Gökçek'in Çölaşan'a açtığı dava reddedildi

Ankara Büyükşehir Belediye Başkanı Melih Gökçek'in, bir panelde, ''Anayasa referandumunda ''evet'' oyu kullananların gaflet, dalalet ve ihanet içinde olduğunu söyleyerek, kendisine hakaret ettiği'' iddiasıyla Atatürkçü Düşünce Derneği (ADD) Genel Başkanı Tansel Çölaşan aleyhine açtığı dava, Yargıtayın bozma kararının ardından reddedildi.

cumhuriyet.com.tr

Ankara 4. Sulh Hukuk Mahkemesi'ndeki duruşmaya, Gökçek'in avukatı Bengü Didem Özüyılmaz ile Çölaşan'ın avukatı Mutluhan Karagözoğlu katıldı.
Duruşmada, Yargıtayın bozma kararının okunmasının ardından taraf avukatlarına bozma kararına karşı görüşleri soruldu.

Gökçek'in avukatı Özüyılmaz, mahkemenin, 5 bin lira manevi tazminata hükmettiği eski kararında direnmesini isterken, Avukat Karagözoğlu bozma ilamına uyulmasını talep etti.
Yargıç Bülent Katar, bozma kararına uyulmasını kararlaştırarak, duruşmaya devam etti.
Avukatların son beyanlarını dinleyen Yargıç Katar, daha sonra davanın reddine karar verildiğini açıkladı.

Davanın geçmişi

Davanın dilekçesinde, Çölaşan'ın, Hatay'da düzenlenen ''Türkiye Nereye Gidiyor?'' başlıklı panelde, ''12 Eylül 2010'daki referandumda ''evet'' oyu kullananların gaflet, dalalet ve ihanet içinde olduğunu söylediği'' kaydedilmişti. Gökçek'in, ''evet'' oyu kullandığı ve Çölaşan'ın sözlerinin ilk etaptaki muhataplarından biri olduğu ifade edilen dilekçede, Çölaşan'ın, bu sözleriyle Gökçek'in kişilik haklarını ihlal ettiği savunulmuş ve 5 bin lira manevi tazminat istenmişti. Ankara 4. Sulh Hukuk Mahkemesi Yargıcı Eyüp Sarıcalar, yargılama sonucunda davanın kabulüne karar vererek, Çölaşan'ın, Gökçek'e 5 bin lira manevi tazminat ödemesine hükmetmişti.

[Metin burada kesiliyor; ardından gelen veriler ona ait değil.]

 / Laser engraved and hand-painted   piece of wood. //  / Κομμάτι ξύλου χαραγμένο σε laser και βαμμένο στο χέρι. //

Yargıtay 3. Hukuk Dairesi ise ''davacının (Gökçek) referandumda ''evet'' oyu kullandığının ''gizli oy'' ilkesi nedeniyle belirsiz ve kanıtlanamaz olduğu, bu nedenlerle matufiyet ve aktif husumet ehliyetinin bulunmadığı'', ''davalının (Çölaşan) ''evet'' oylarına karşı eleştiri niteliğindeki sözlerinin ifade özgürlüğü kapsamında düşünce açıklaması niteliği taşıdığı, kişilik hakkına saldırı oluşturmadığı'' gerekçeleriyle kararın bozulmasına hükmetmişti.